**DESCRIPTION OF THE TASK:** Every line of the entries below from the one containing "Rebound in 1/4" to the one containing "Published: London: Alexander Donaldson: 1779.", both ends included, must be written out exactly. No other line belongs in the answer.

**INPUT MATERIAL:**
[Start of section]
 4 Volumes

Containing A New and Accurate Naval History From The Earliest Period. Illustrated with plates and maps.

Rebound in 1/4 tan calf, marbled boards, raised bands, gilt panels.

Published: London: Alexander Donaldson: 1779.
[End of section]
[Start of section]
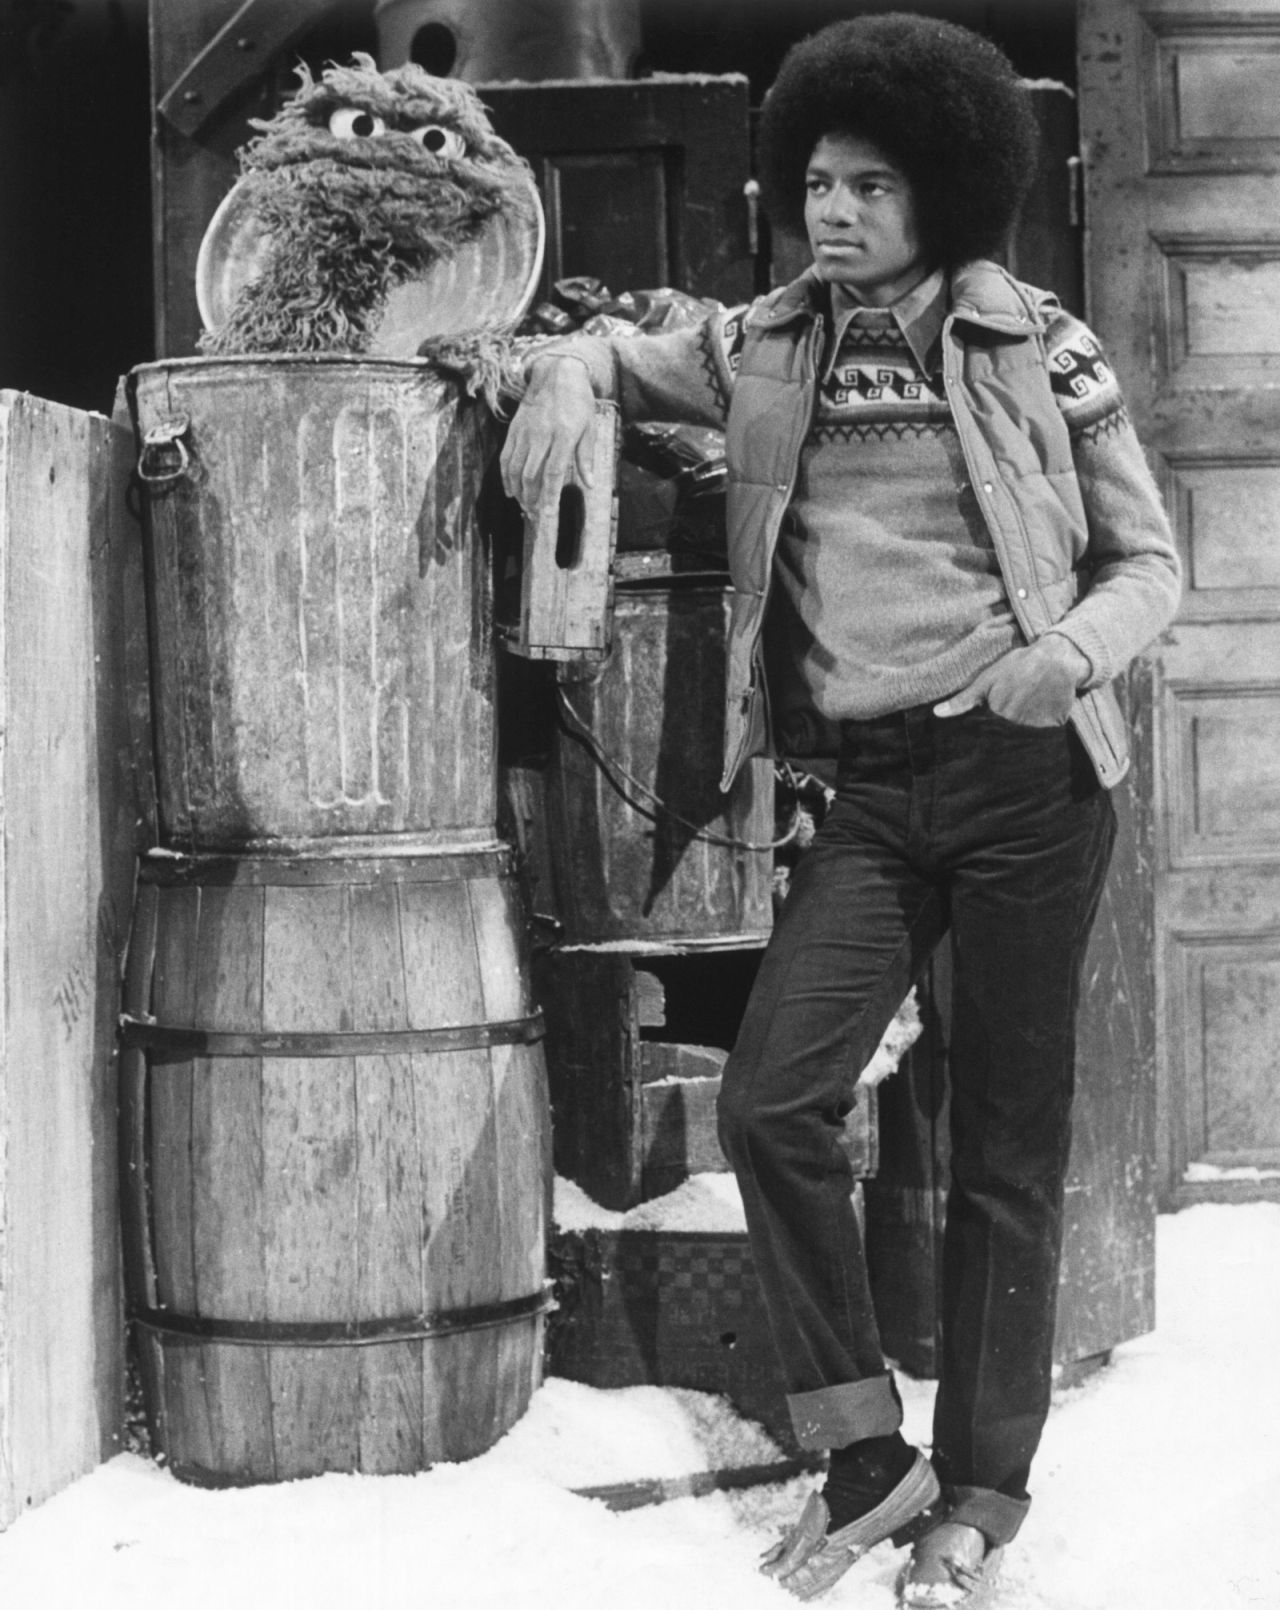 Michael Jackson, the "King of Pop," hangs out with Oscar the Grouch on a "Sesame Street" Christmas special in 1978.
[End of section]
**PROBLEM SOLUTION:**
Rebound in 1/4 tan calf, marbled boards, raised bands, gilt panels.

Published: London: Alexander Donaldson: 1779.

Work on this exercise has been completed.